IV. Conflicts of interest
- Editors should be mindful of reviewers’ motivations and egos as they engage with the work they are reviewing. If reviewers become defensive about the authors’ fair and valid questioning of the reviewers’ own work in the piece, editors should intervene by (1) dismissing that aspect of the review; (2) seeking a different reviewer; and/or (3) not using that reviewer again if it appears that they may be unable to keep some level of impartiality as they engage with the work of others.
- A situation may occur where a reviewer has accepted an invitation to review a manuscript and, upon reading the manuscript, does not believe they can provide a fair and ethical reader’s report. In such a situation, the reviewer should notify the editor, so that a replacement reviewer can be assigned.
V. Intellectual property and citation practices
- Editors and reviewers should respect the intellectual property of authors. While a work may not yet be published, it is unethical for editors and/or reviewers to later make similar arguments in their own work. If authors see that their ideas have been exploited, they should turn to the journal’s editors for help. In response, editors should provide the needed proof in terms of dated communication in case the authors want to argue (through legal means or otherwise) for credit as the ideas’ originators.
- Editors should consider providing credit to reviewers in articles, chapters, journals, and edited collections. There are various ways of doing this. For instance, College English publishes the names of all their reviewers in the “Editors’ Introduction” every year, Kairos makes reviewers known to authors (and each other) from the beginning, and constellations gives reviewers a choice to de-anonymize themselves once the peer-reviewed process has been completed. If using the latter model, reviewers should know from the start that de-anonymizing will be a choice later on in the process.
- Editors can encourage authors to include an acknowledgment section where they thank those who helped them shape the publication in ways that may not be visible in the text or citations. Colleagues, friends, partners, relatives, teachers, mentors, and reviewers with whom they had conversations or who provided information, resources, or viewpoints that contributed to the manuscript could be recognized in this section.

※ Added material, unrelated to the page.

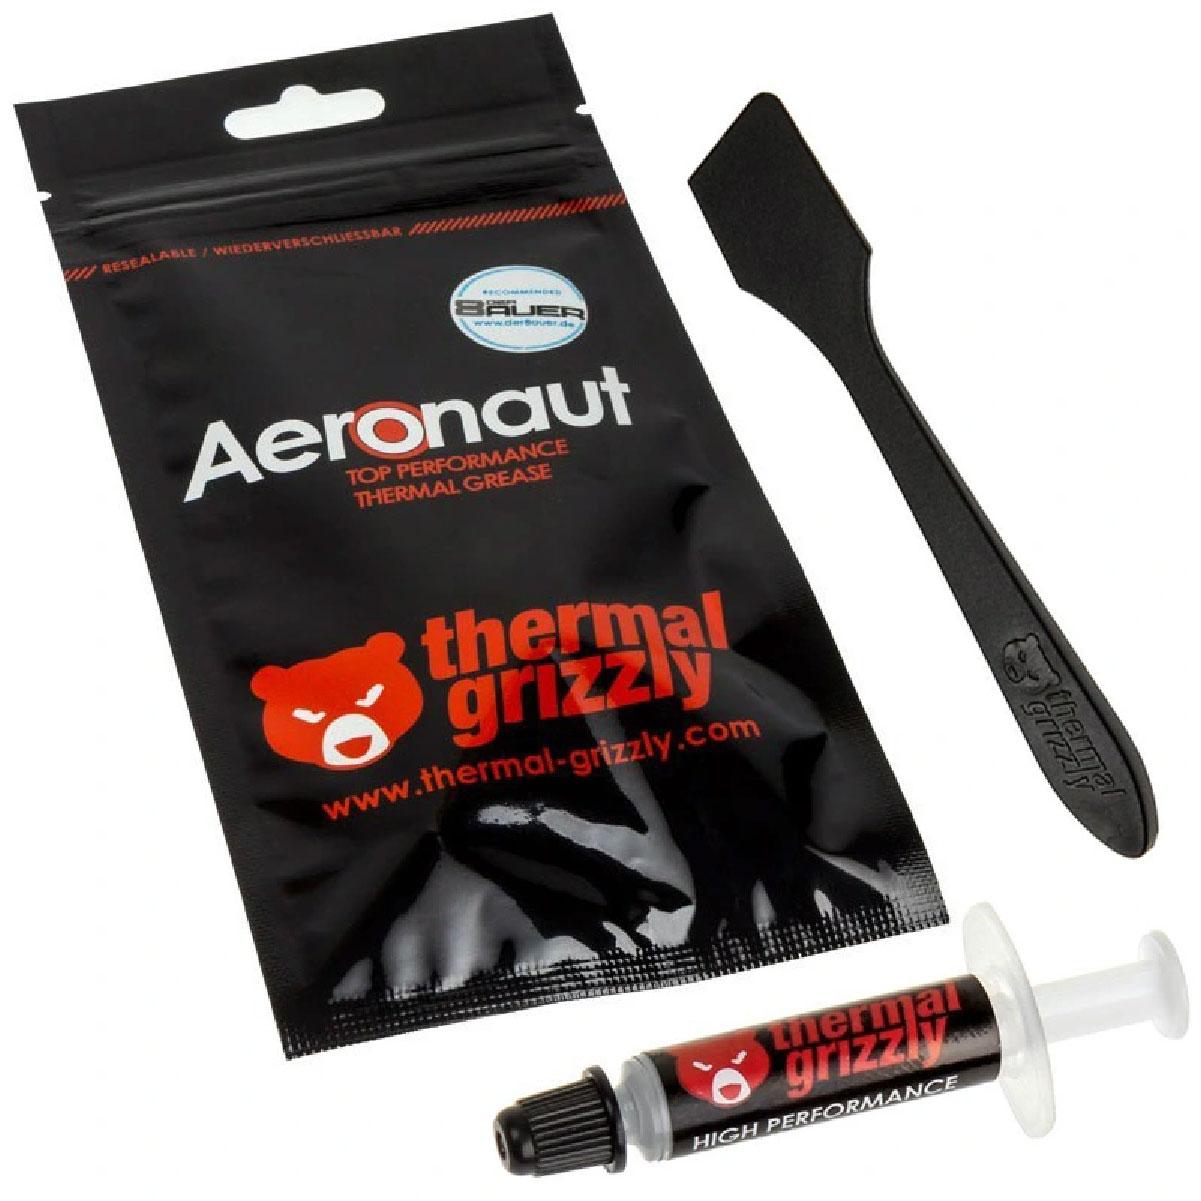 Pasta Térmica Aeronaut 1g Thermal Grizzly 8,5 Wmk com Espatula Overclock

- Editors should encourage authors to cite diverse scholars, referencing the “Anti-Racist Scholarly Reviewing Practices” heuristic and the new CCCC Position Statement on Citation Justice in Rhetoric, Composition, and Writing Studies.
VI. Journal management
- Professional organizations should work toward creating more inclusive journals by appointing and supporting diverse editorial teams and editorial boards who may promote the value of diverse content, foster connections with diverse reviewers and authors, and enrich editorial conversations. When recruiting editors, it is useful to think about how the position may benefit those editors. Diversity should be the norm, more than the exception, for an editorial team.
- When searching for new editorial teams, professional organizations should make transparent what material support editorial teams will require, and what support the organization is able to provide (financial, production, etc.). Editorial search committees should work with prospective editors to help them petition their department chairs, deans, and provosts for additional support, including travel expenses, course releases, student interns/workers, and dedicated office space for the journal at its new institutional home.
- Journal editors should provide special issue editors with clear and unambiguous guidelines explaining the review and publication processes for special issues, outlining the journal editors’ roles in reviewing and approving works (if any), and accounting for who will be responsible for citation checks, copy edits, proof reviews, etc. The journals’ editors should, at a minimum, read all special issue content to make sure it doesn’t conflict with the values, standards, and practices of the publication. Special issue editors should know in advance of circulating their CFP how hands-on the journal editors will be and whether final approval by the journal editors (or feedback) will be a required part of the process.
- To ensure the integrity of the work, journal editors should establish clear processes by which special issues are developed. For instance, a journal may require that proposals to edit special issues be reviewed by two or more experts in the topic/field when the editor does not have expertise in the subject matter of the special issue. Other journals may require that special issues go through the same review process as other submissions and/or that special issue articles be fact checked prior to publication.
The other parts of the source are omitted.